Total: 50 minutes. Adjust based on 45/60 minute interview length.
Step 1: Clarify Requirements
Goal: Turn vague question into concrete requirements.
Functional Requirements (What should the system do?)
Example: "Design Twitter"
Ask:
✅ Post tweets? (Yes)
✅ Follow users? (Yes)
✅ Timeline: home feed + user profile? (Yes, both)
✅ Like/retweet? (Nice-to-have, out of scope)
✅ Search tweets? (Out of scope)
✅ Direct messages? (Out of scope)
✅ Trending topics? (Out of scope)
Result: Focus on core features only.Non-Functional Requirements (How should it perform?)
Ask:
✅ Scale: How many users? (100M daily active users)
✅ Availability: More important than consistency? (Yes, eventual consistency OK)
✅ Latency: How fast? (Timeline loads < 1 second)
✅ Read vs Write: More reads or writes? (10:1 read-heavy)
Why these matter:
- 100M users → Need distributed system
- Availability > Consistency → Use NoSQL, caching
- Read-heavy → Focus on read optimization (caching, CDN)
- < 1s latency → Pre-compute timelines, use CDN💡 Pro Tip
Write requirements on whiteboard/doc to reference later. Prevents scope creep: "Remember we decided search was out of scope."
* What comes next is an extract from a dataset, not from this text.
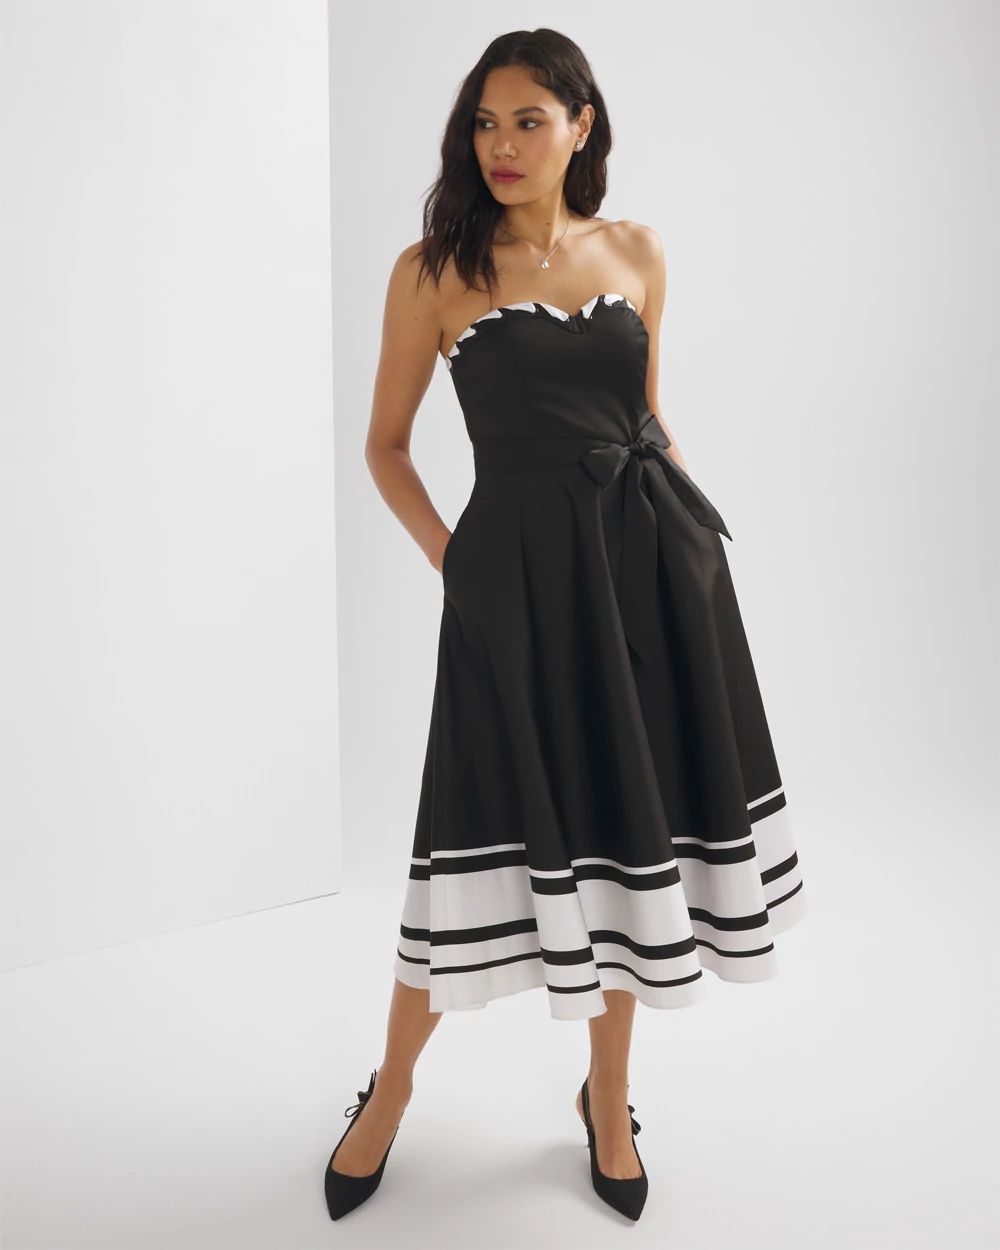 Strapless Sweetheart Fit-N-Flare Dress click to view larger image.
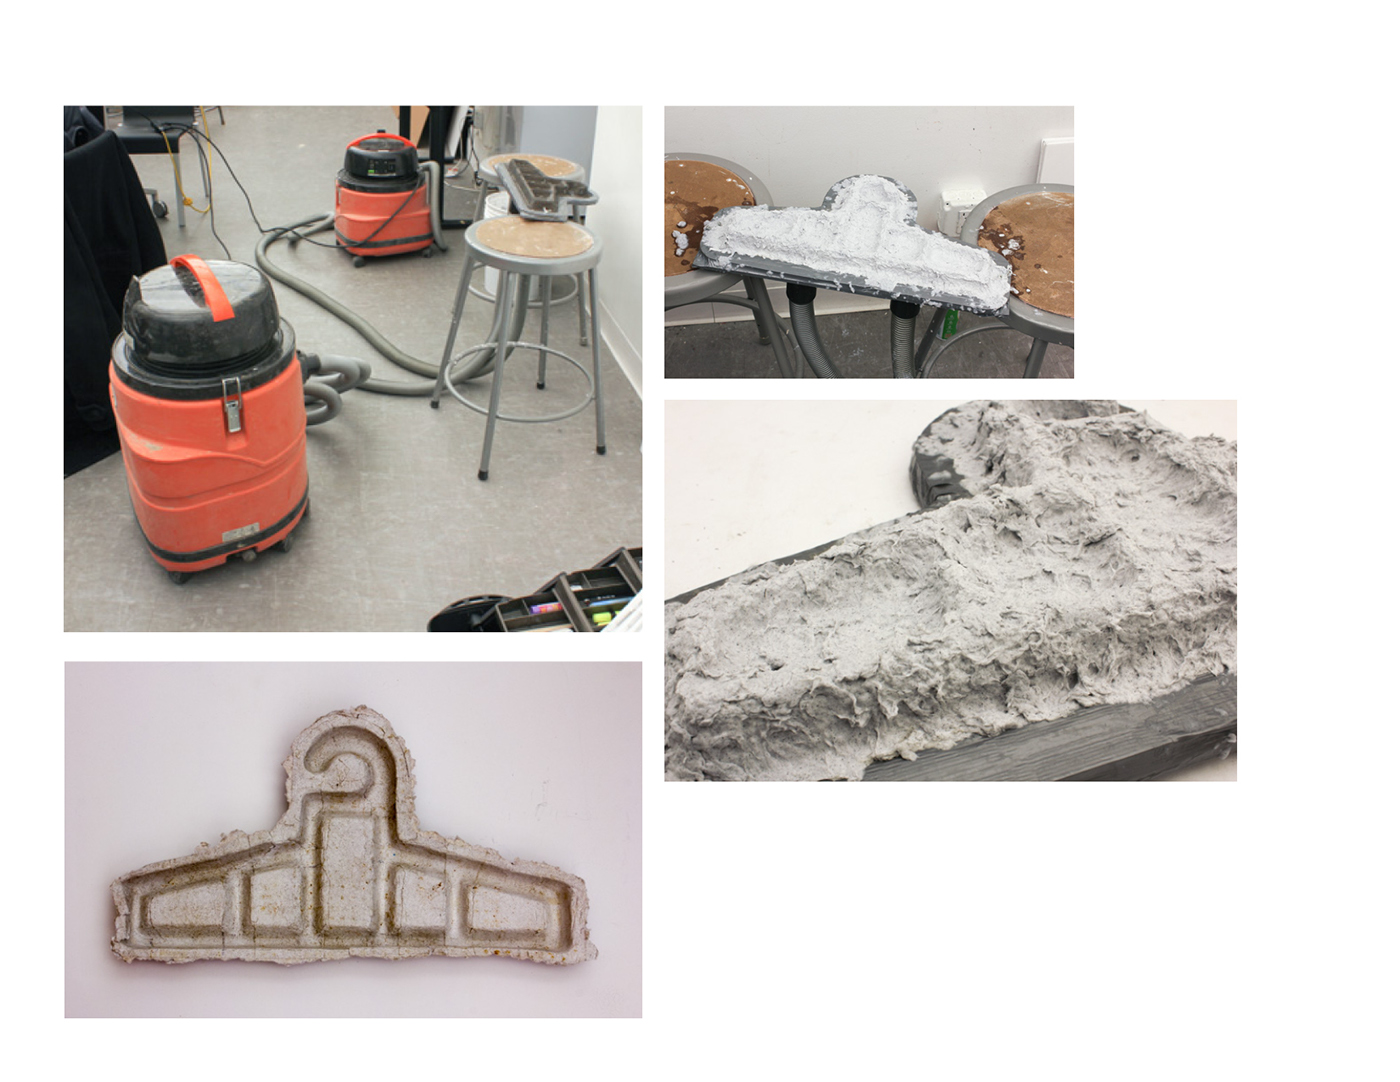 Molded paper pulp hanger Sustainable ecological manufacturing Production Prototyping ShopBot

Step 2: Capacity Estimation
Goal: Use rough numbers to guide design. Be transparent about assumptions.
Traffic Estimation
Example: Twitter-like System
Given:
- 100M daily active users (DAU)
- Each user views timeline 5 times/day
- Each timeline shows 20 tweets
- Users post 0.5 tweets/day on average
Read (Timeline Views):
- 100M users × 5 views = 500M timeline requests/day
- 500M / 86,400 seconds = ~6,000 requests/second (QPS)
- Peak (3x average) = 18,000 QPS
Write (Posting Tweets):
- 100M users × 0.5 tweets = 50M tweets/day
- 50M / 86,400 = ~600 tweets/second
- Peak = 1,800 tweets/second
Result: Read-heavy (10:1 ratio). Optimize reads with caching!Storage Estimation
Tweets:
- 50M tweets/day × 280 chars × 2 bytes (Unicode) = ~28 GB/day text
- Plus metadata (user ID, timestamp, etc.) = ~30 GB/day
- 30 GB × 365 days = ~11 TB/year
Media (photos/videos):
- 20% of tweets have media
- 50M × 0.2 = 10M media uploads/day
- Avg 200 KB per image = 10M × 200 KB = 2 TB/day
- 2 TB × 365 = 730 TB/year
Total: ~750 TB/year
Result: Need distributed storage (S3, blob storage). Can't fit on 1 server!Bandwidth Estimation
Incoming:
- 30 GB text + 2 TB media = ~2 TB/day
- 2 TB / 86,400 seconds = ~24 MB/second
Outgoing (users viewing tweets):
- 500M timeline views × 20 tweets × 300 bytes (avg) = 3 TB/day text
- Plus media views (assume 50% of media): 1 TB/day media
- 4 TB / 86,400 = ~46 MB/second
Result: Outgoing > incoming (read-heavy confirms earlier assumption)⚠️ Common Mistake
Don't spend 20 minutes on precise calculations. Interviewers want to see you understand scale, not exact math. Say: "Roughly 10,000 QPS" not "9,847.3 QPS".
Step 3: High-Level Design
Goal: Draw 5-10 boxes showing architecture. Start simple, add complexity.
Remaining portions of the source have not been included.